В виде уступки этим законным правам его, - никогда, впрочем, ясно не формулированным, - и в ограждение ответственности нашего Карпо перед всякими директорами и инспекторами, на первые скамейки садились ученики, которые действительно "чисто писали" и рисовали, и даже имели для этого особые тетрадки с красивыми каллиграфическими надписями, не лишёнными тщеславия, а подчас и остроумия. На одних просто изображалось расписными готическими буквами: "Сия тетрадь принадлежит ученику третьего класса благородного пансиона крутогорской гимназии такому-то". На других к этому гонорному заглавию прибавлялись в виде эпиграфа разные стишки, как например: "Сия тетрадь моя, владею ею я; кто её измажет, того Бог накажет". Или: "Не смеет никто взять сию мою тетрадь; кто ж возьмёт без спроса - останется без носа", и тому подобные, не особенно хитро сплетённые поэтические размышления и афоризмы. Любителей чистописания, большею частью отъявленных ленивцев, класс высылал на первые скамьи, как авангард, предназначенный прикрывать собою безопасность остальной армии. Это была их обязательная повинность перед нами.
Карпо был доволен-предоволен, если хотя на передних лавках сидели в сколько-нибудь правдоподобном количестве рисовальщики и чистописальщики. На вторые лавки он ещё рисковал заглядывать кое-когда, на всякий случай, уголком глаза, не объявится ли вдруг и там, паче всякого чаяния, любитель чертёжных искусств; но уж на задние парты и заглядывать не пытался! Напротив того, он старался так делать, как будто их вовсе и в классе не стояло, этих непокорных, отпетых задних парт, как будто на них и не сидел никто ни за географиями, ни за переводами.
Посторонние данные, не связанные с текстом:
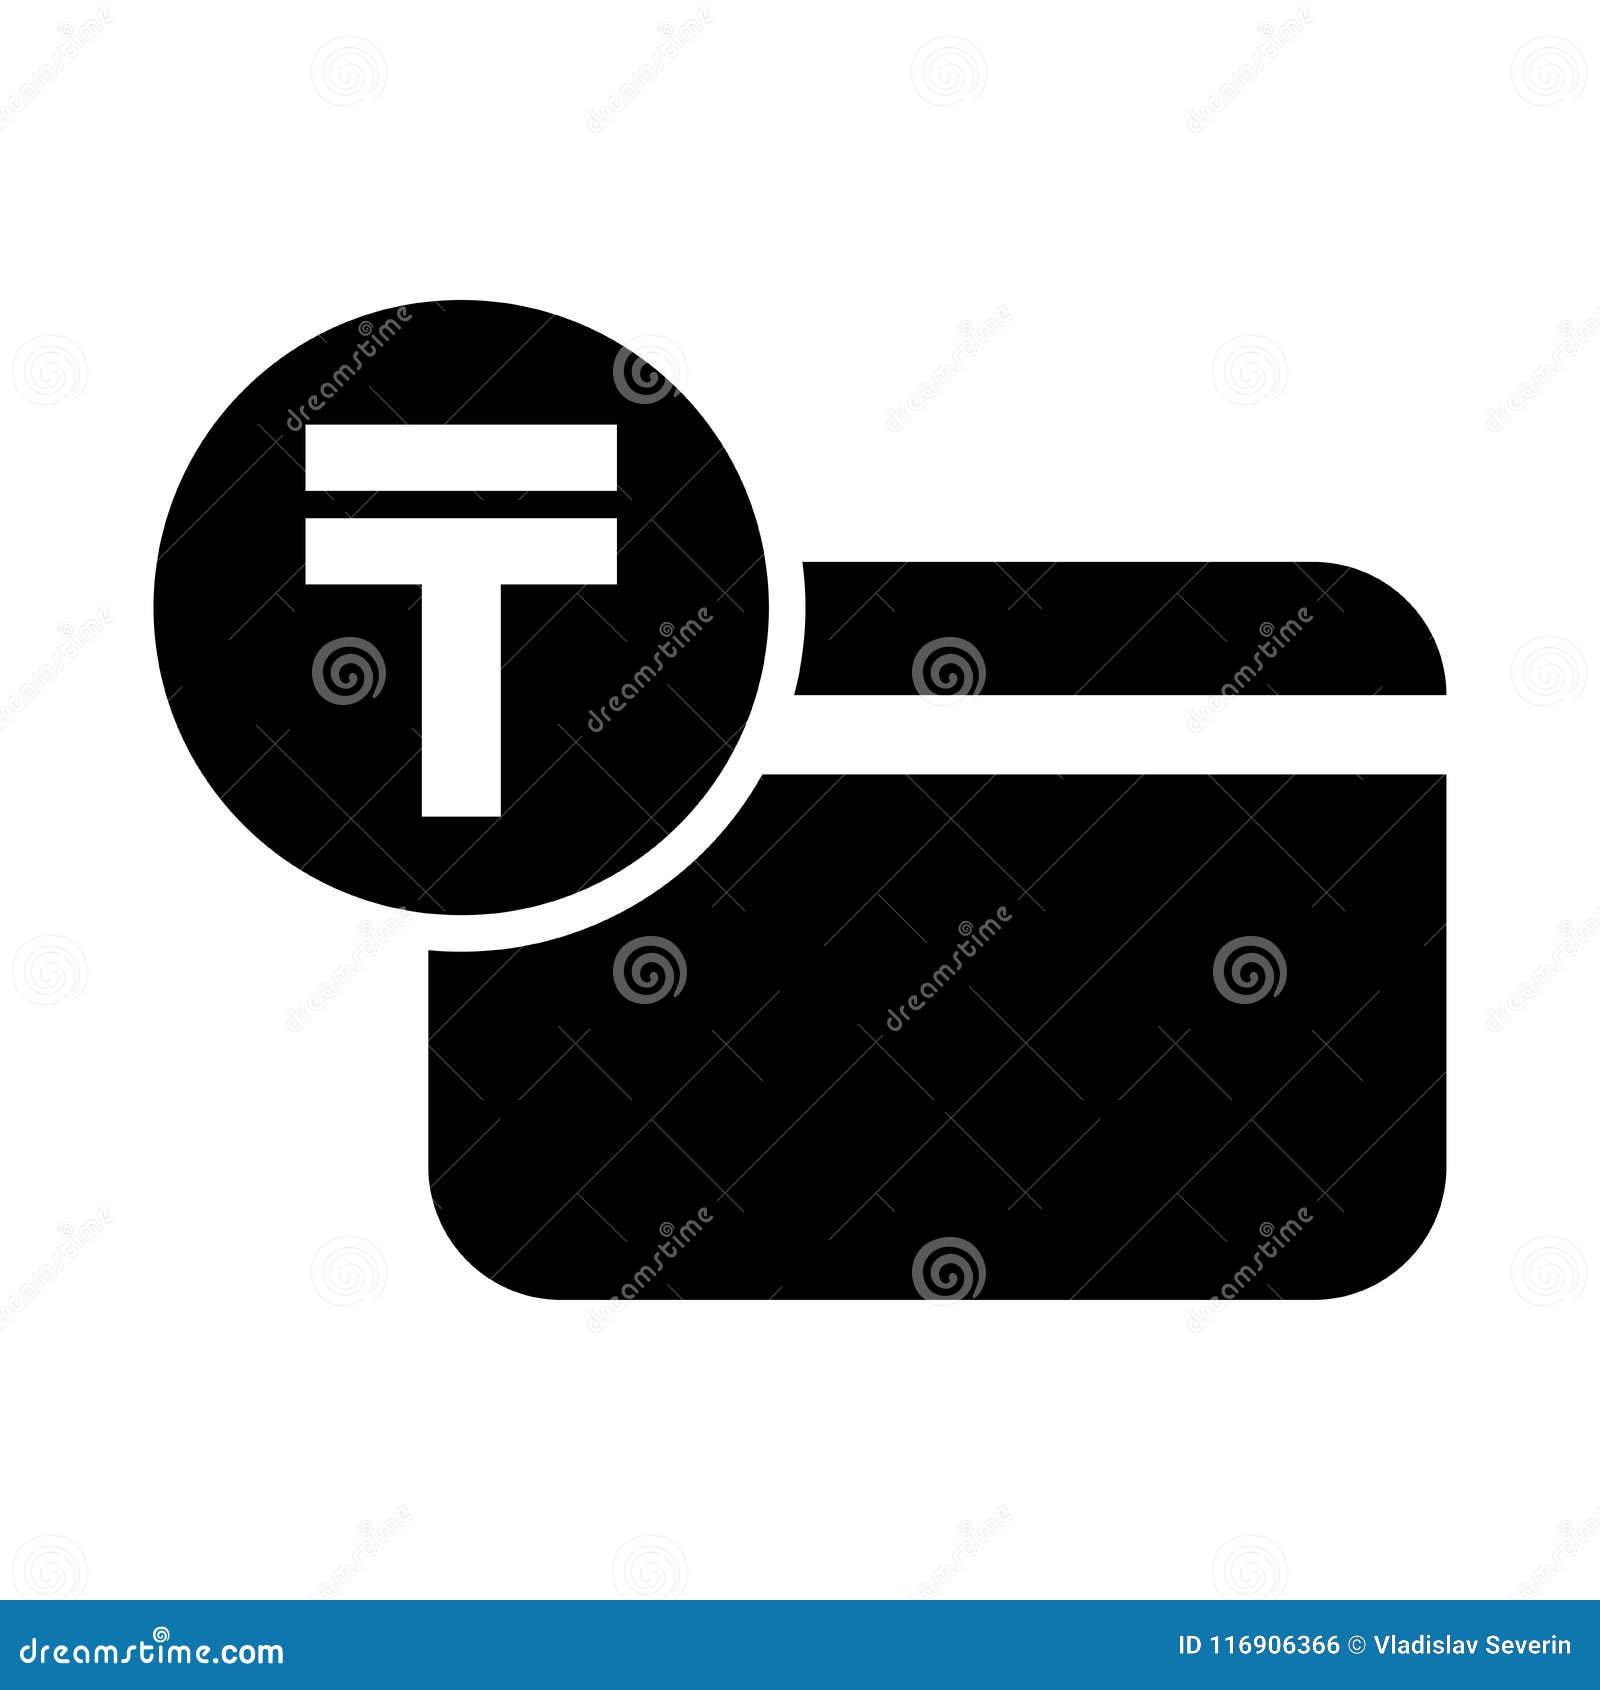 Kazakhstani Tenge Credit Card Icon Stock Illustration - Illustration of

Всем эти никогда не чистописавшим и не рисовавшим он аккуратно и не говоря ни слова великодушно выводил каждое первое число "три в месячных", и если ставил иногда "два", то только в случае горьких обид, претерпенных им от одного из этих "иноплеменных". Но стоило даже и "иноплеменному" сесть в конце месяца на переднюю лавку и попросить у Карпо "оригинал" головки или ножки, то, растроганный до глубины души такой неожиданной любезностью, Карпо непременно ставил лукавому льстецу четыре вместо трёх; а если он и действительно пытался нарисовать или написать что-нибудь смысл имеющее, то даже и пять. Само собою разумеется, что присяжные писальщики и рисовальщики первых скамей бессменно катались на пятёрках у щедрого Карпо, что для них большею частию было ещё никогда не испытанною новостью.
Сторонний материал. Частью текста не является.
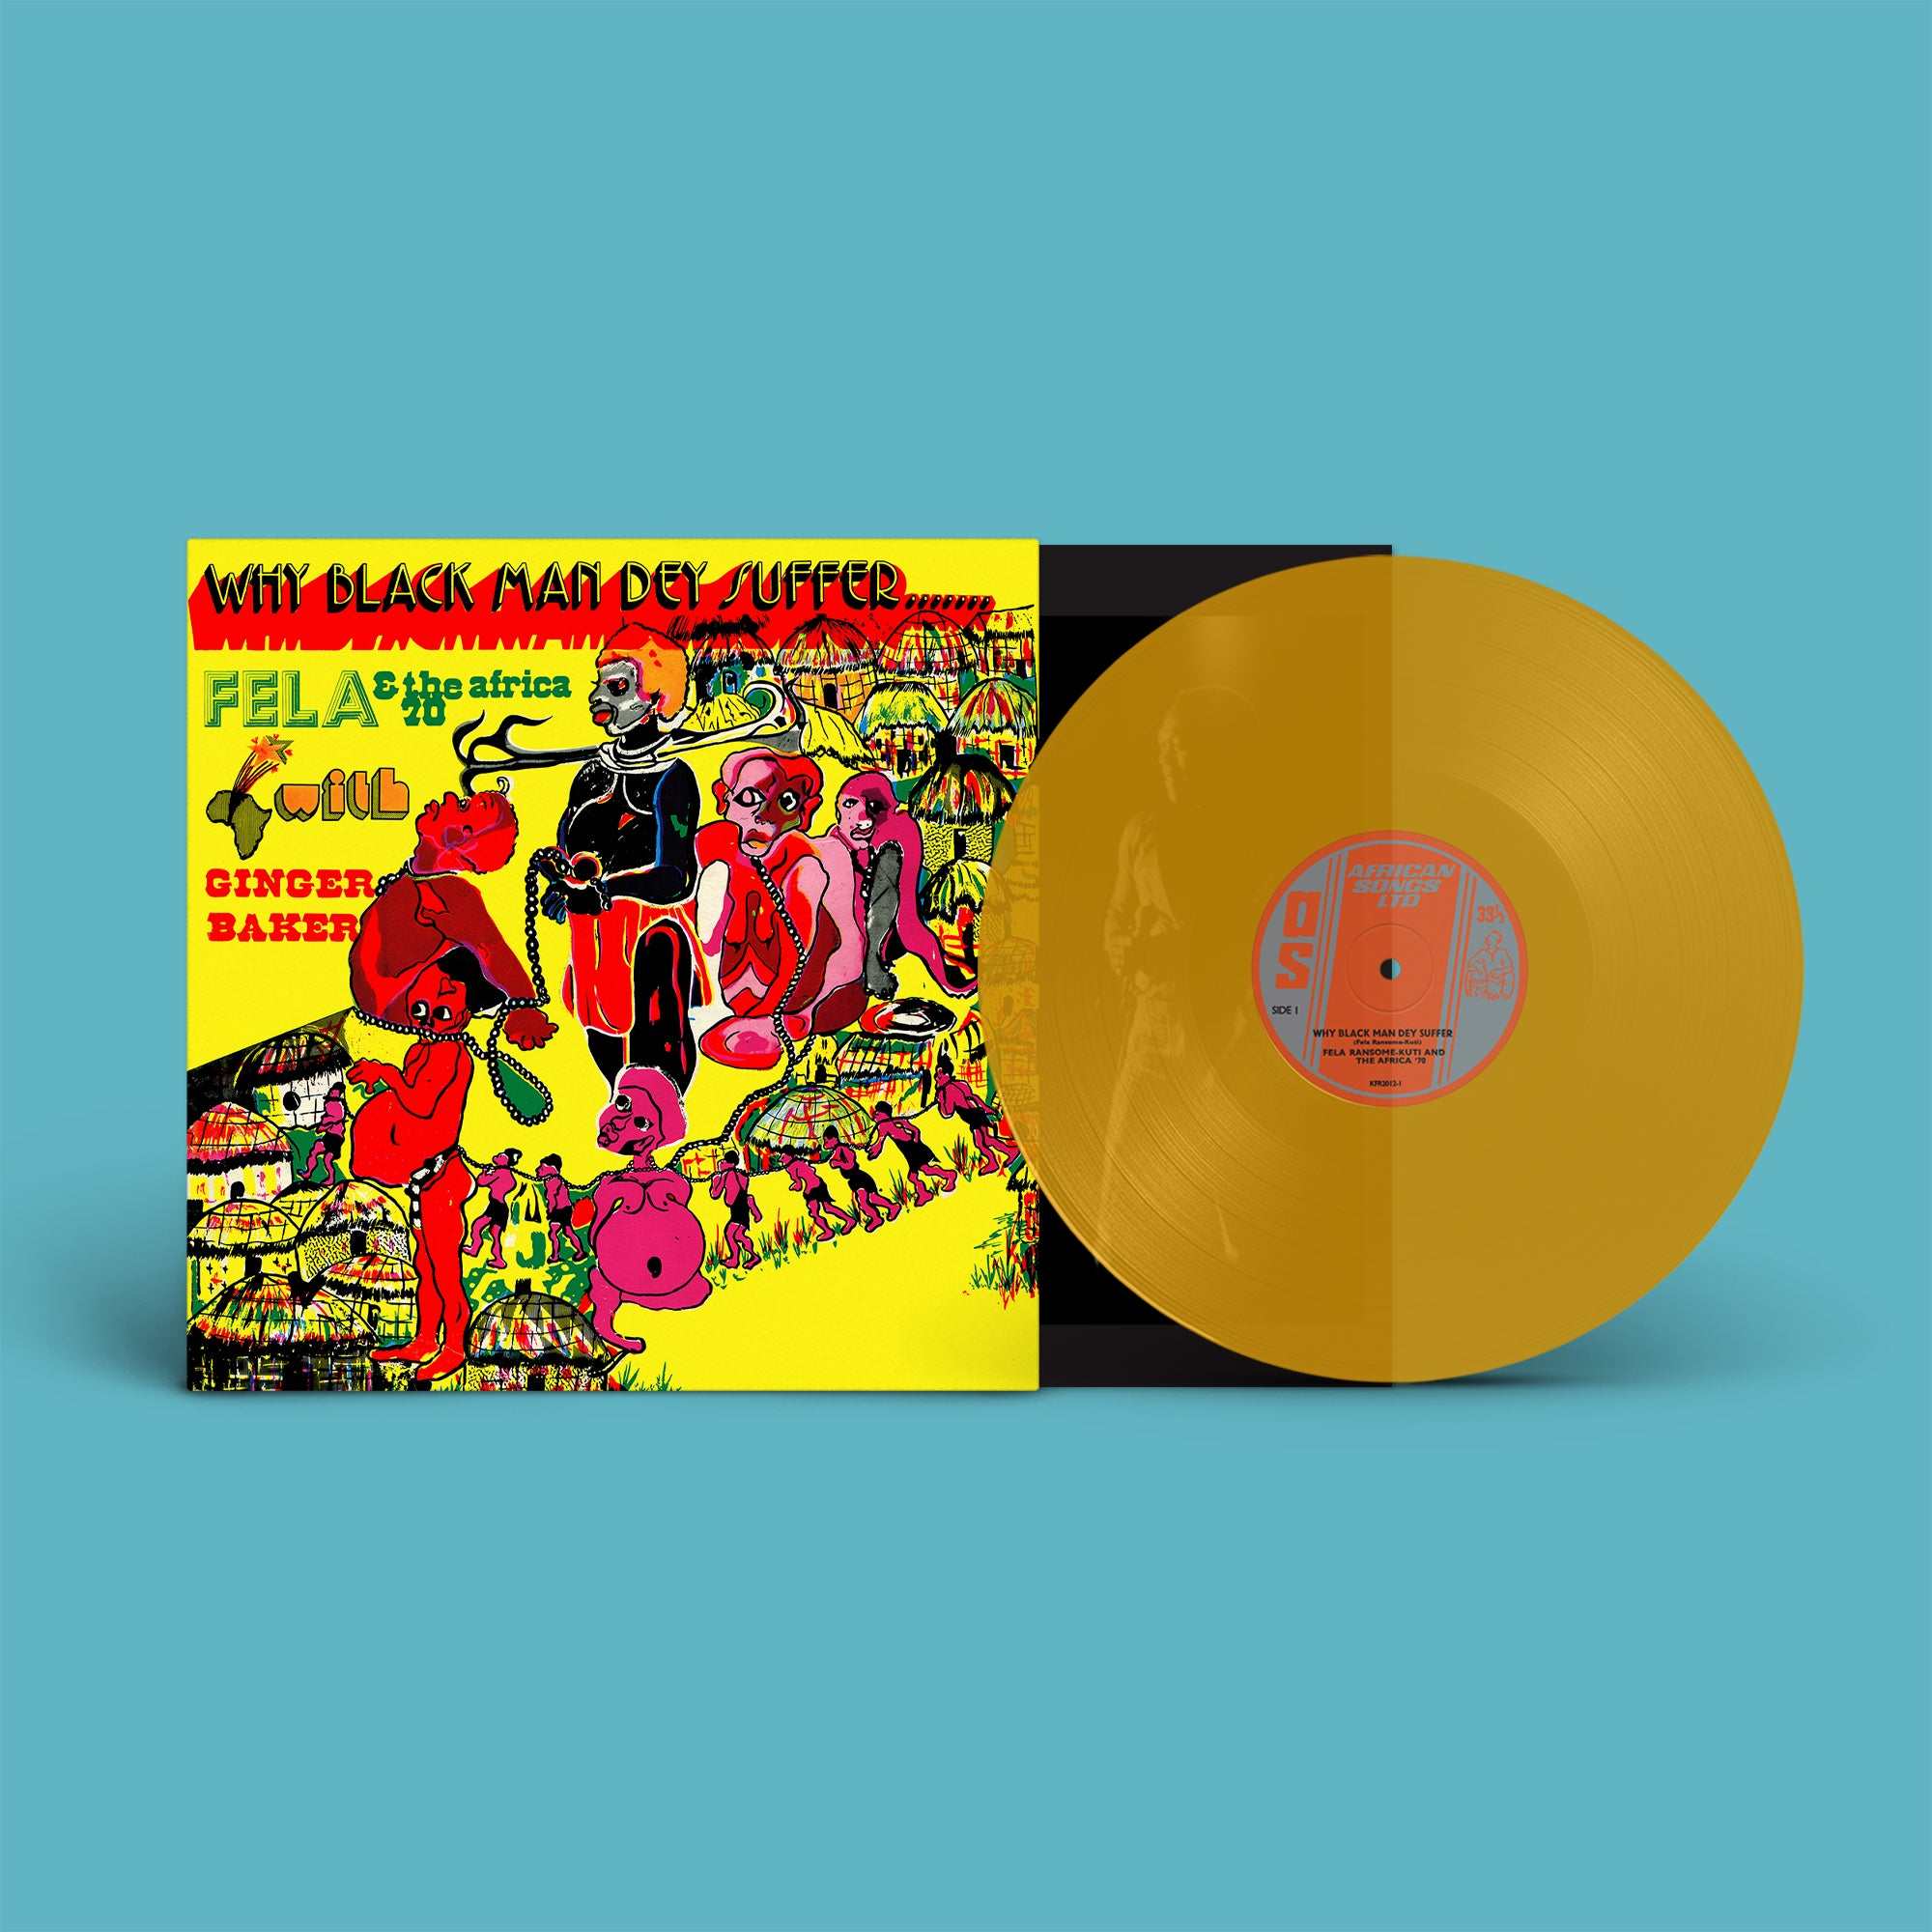 Fela Kuti - Why Black Man Dey Suffer: Translucent Yellow Vinyl 12" Single

Этим вынужденным безмолвным игнорированием всех дерзко отрёкшихся от его изящных искусств благоразумный Карпо установил единственно возможный и единственно покойный для него modus vivendi с буйным классом. За эту покорность его установленным обычаям класса класс платил ему сравнительным порядком и тишиною, каких обыкновенно никогда не бывает на уроках чистописания и рисования, каких никогда не знал и сам бедный Карпо во втором и первом классах, где мучениям его не было конца. Карпо, впрочем, не сдался сразу и третьему классу, даром что он всегда благоговел перед ним, как перед "старшим", так сказать, "выпускным" классом в области его искусств, ибо в четвёртом, настоящем старшем классе, Карпо уже не давал уроков, в нём уже там не нуждались.